96 pages. icehouse poetry, 2025.

 
Benjamin Libman: Let’s keep it simple to start. Tell me how you go about writing a poem. Is there a process?

Joseph Kidney: There’s an aspiration to get going as early as possible, but I procrastinate so much that usually things don’t start until after midnight. I gave up drinking about five years ago, but I used to close out writing sessions by having a drink or two, and that slight mental shake-up—which in the best of cases could solve a creative problem by returning to a blockage with a substituted mind—is now simulated more or less by the looming onset of sleep. I will usually read poetry for about half an hour before writing, just to inhabit the proof that the whole enterprise is possible. I wouldn’t be surprised if my habit of writing at the end of the day meant that the poems have a bit more to do with the bustle of the day.

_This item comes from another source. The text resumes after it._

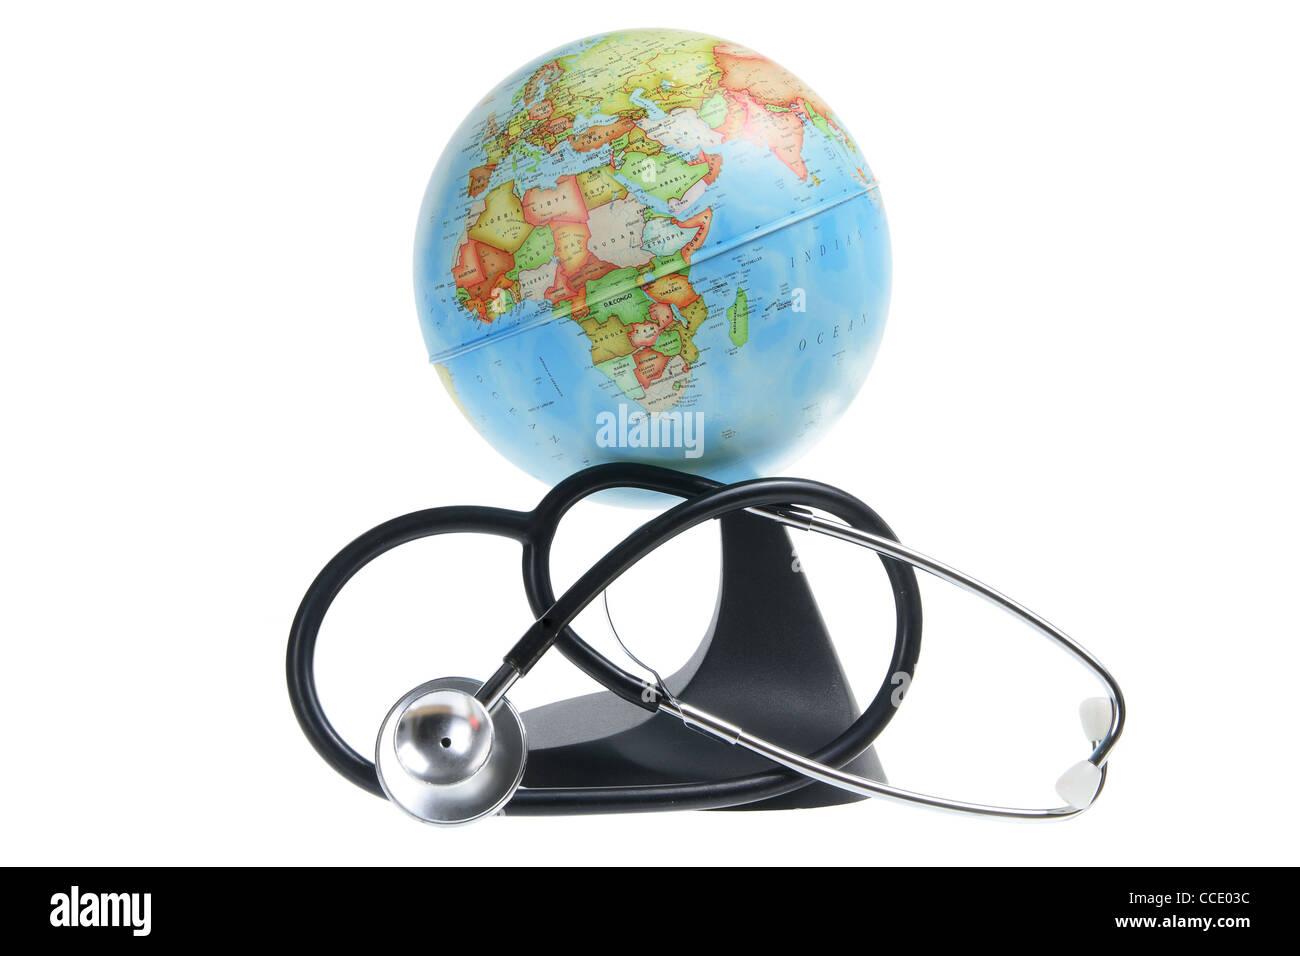 Globe and Stethoscope Photo Stock
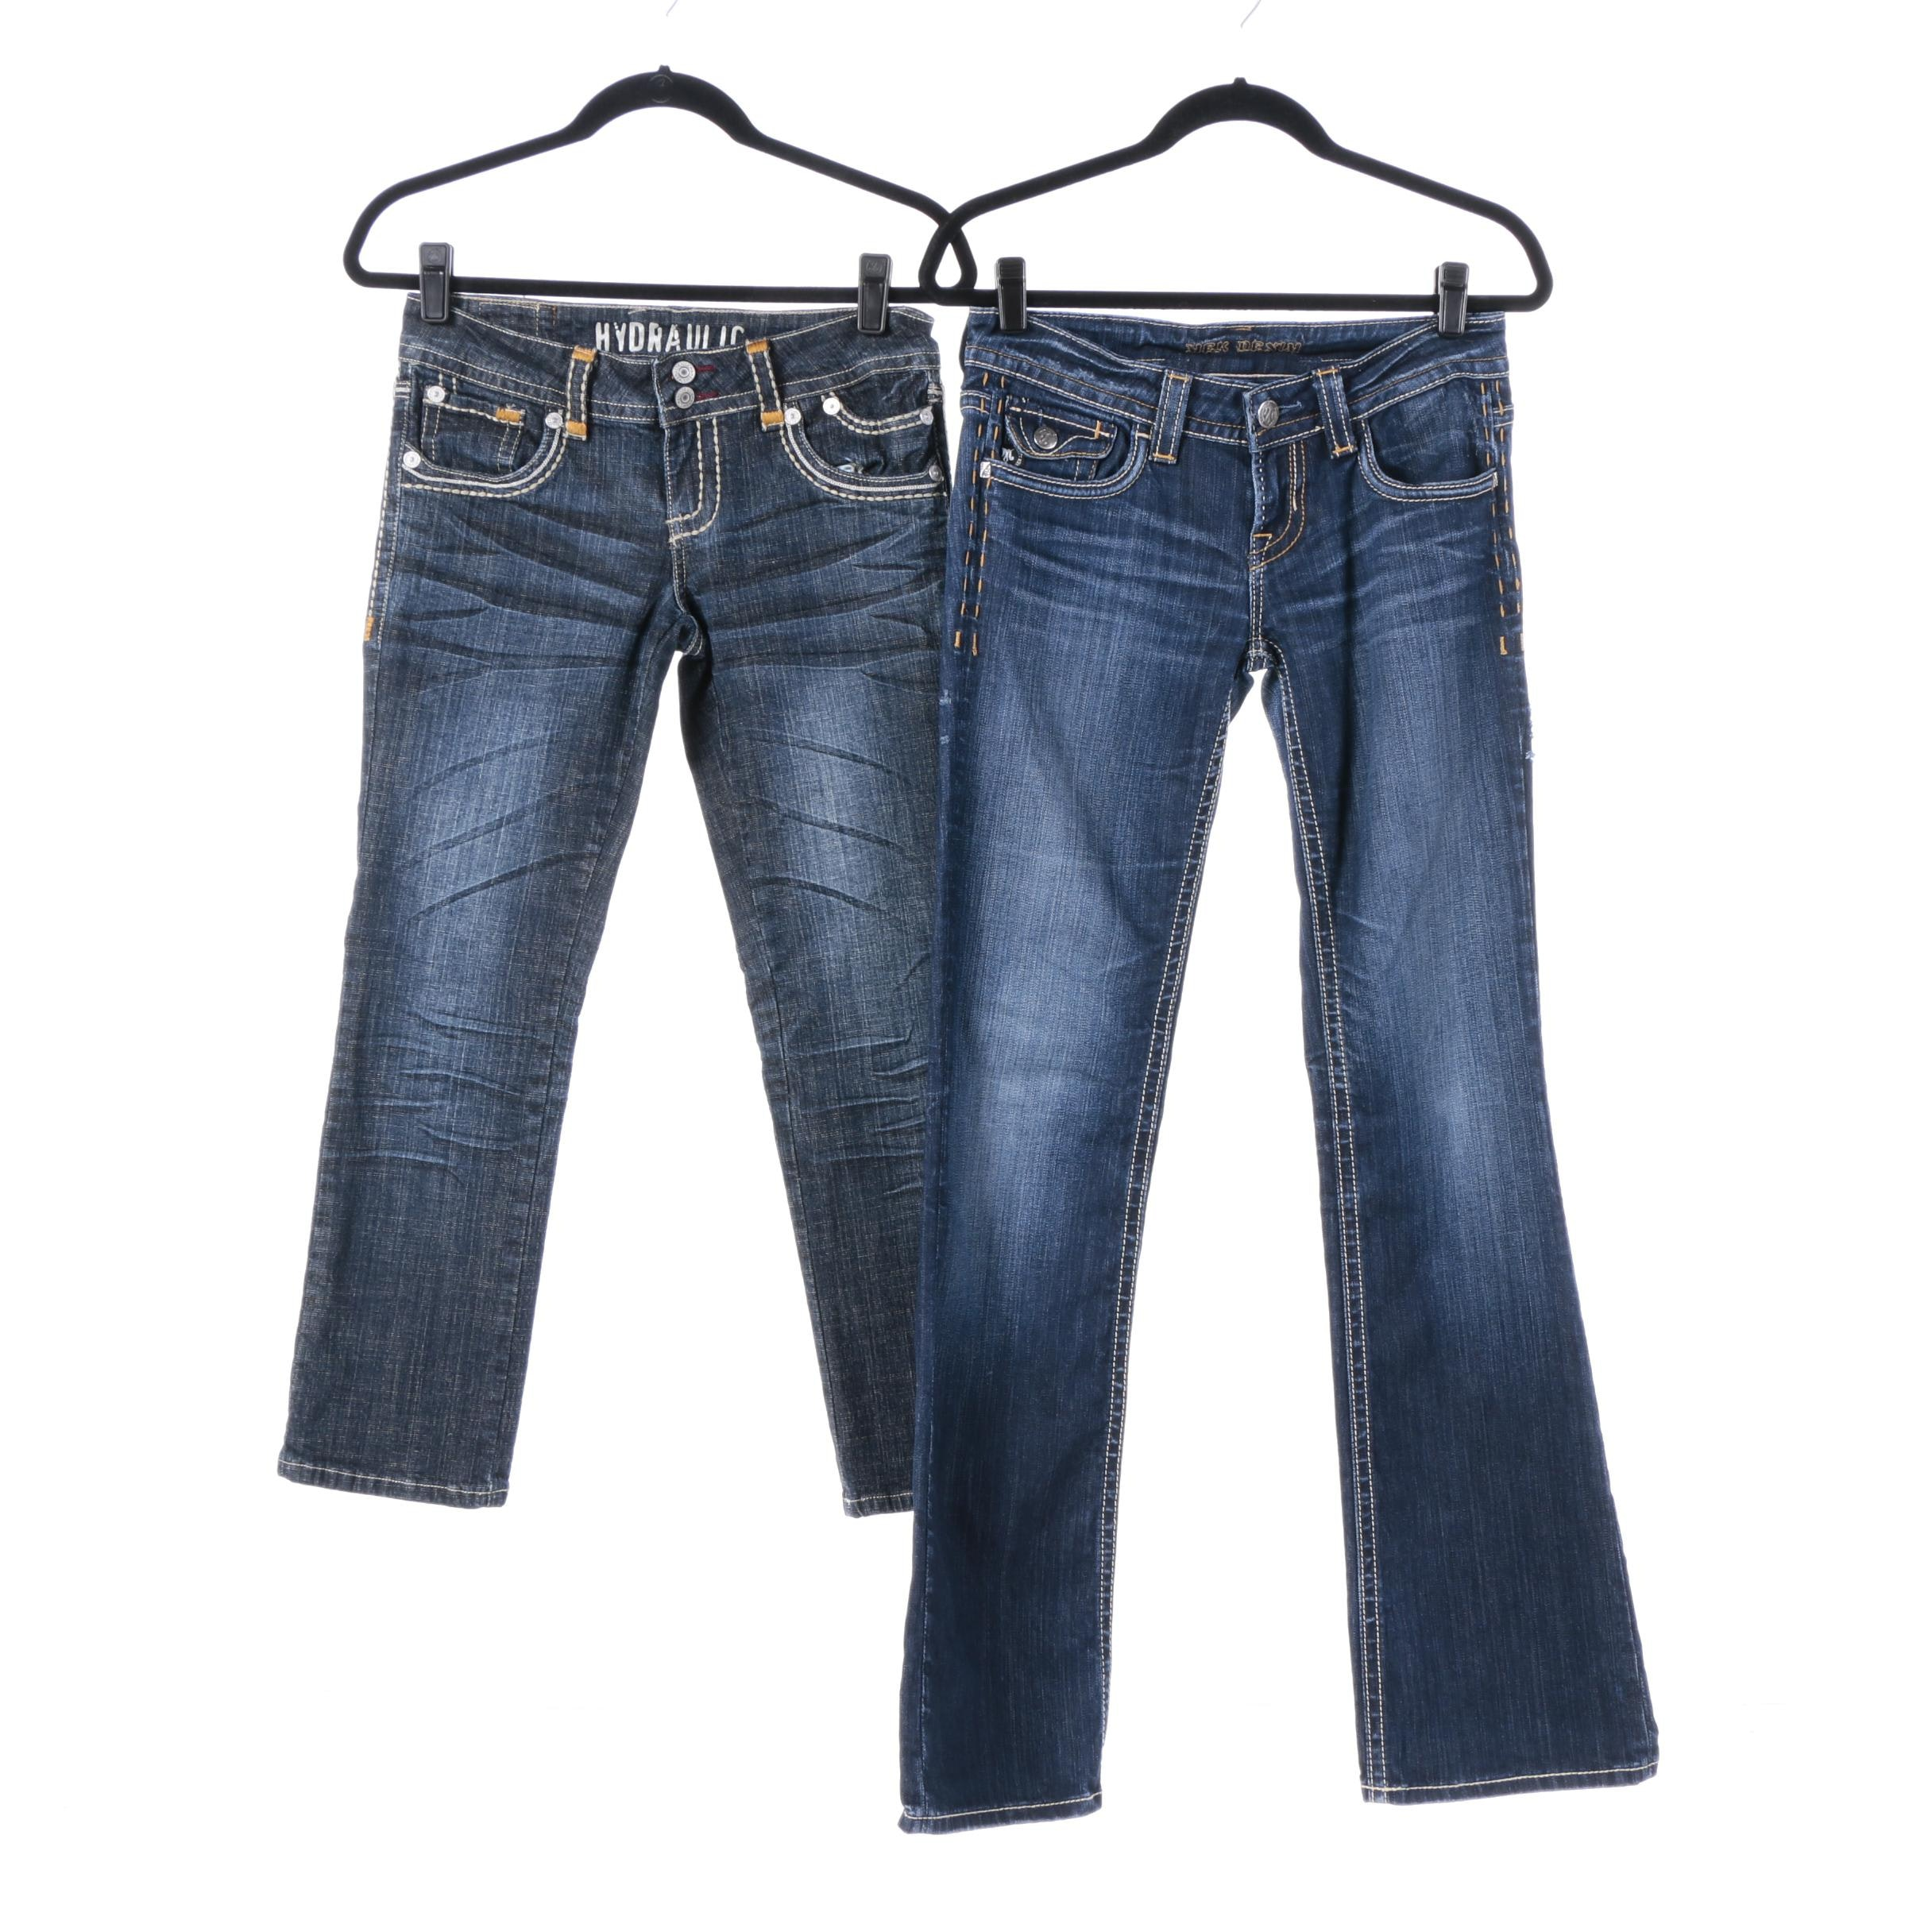 Women's Jeans Including Hydraulic and Mek Denim

When I write I tend to listen to music, but nothing with language and nothing with a center or too-apparent lines of melody, so that means something ambient, or the stranger kinds of classical and jazz. The poems themselves are built up phrase by phrase, hopefully interlocked in such a way that the whole poem works as a single large gesture, even if it has its own internal fidgets and adjustments. If I come to an impasse, I will tend to begin maniacally chanting what’s there so far, until the momentum of those chants tricks my brain into producing the next sound or stump of the phrase to come.

BL: You spent the better part of a decade studying English Renaissance literature for your doctorate. I know you’ve also been a student of Latin in recent years. The traces of these — Antony and Cleopatra, Virgil — are evident on the surface in Devotional Forensics. How deep do those roots go in your poetry? What are the traces these pursuits have left on your mind?

JK: Obviously, there is a superficial connection because a number of the poems emerged out of readings that were in the orbit of that academic work, though that being said, that orbit, incidentally and willfully erratic, was probably never constricted enough to stay purely academic. At some point the interest of the details themselves tempts you do something more irresponsible with what appeals to your curiosity.

As far as these things, English Renaissance and Latin literature, appear in my own poems, it’s still pretty distinct from anything I work on academically. I don’t think there’s much overlap between my dissertation and my poetry. And that’s partly to do with the fact that as a critic you aspire to operate from a vantage point of higher understanding, always moving towards clarification. The poetry, on the other hand, is more about playing with half-understandings attended to by imagination, seductions of ambiguity, sometimes deliberate misinterpretations of fact made in the service of beauty and rhetorical pleasure.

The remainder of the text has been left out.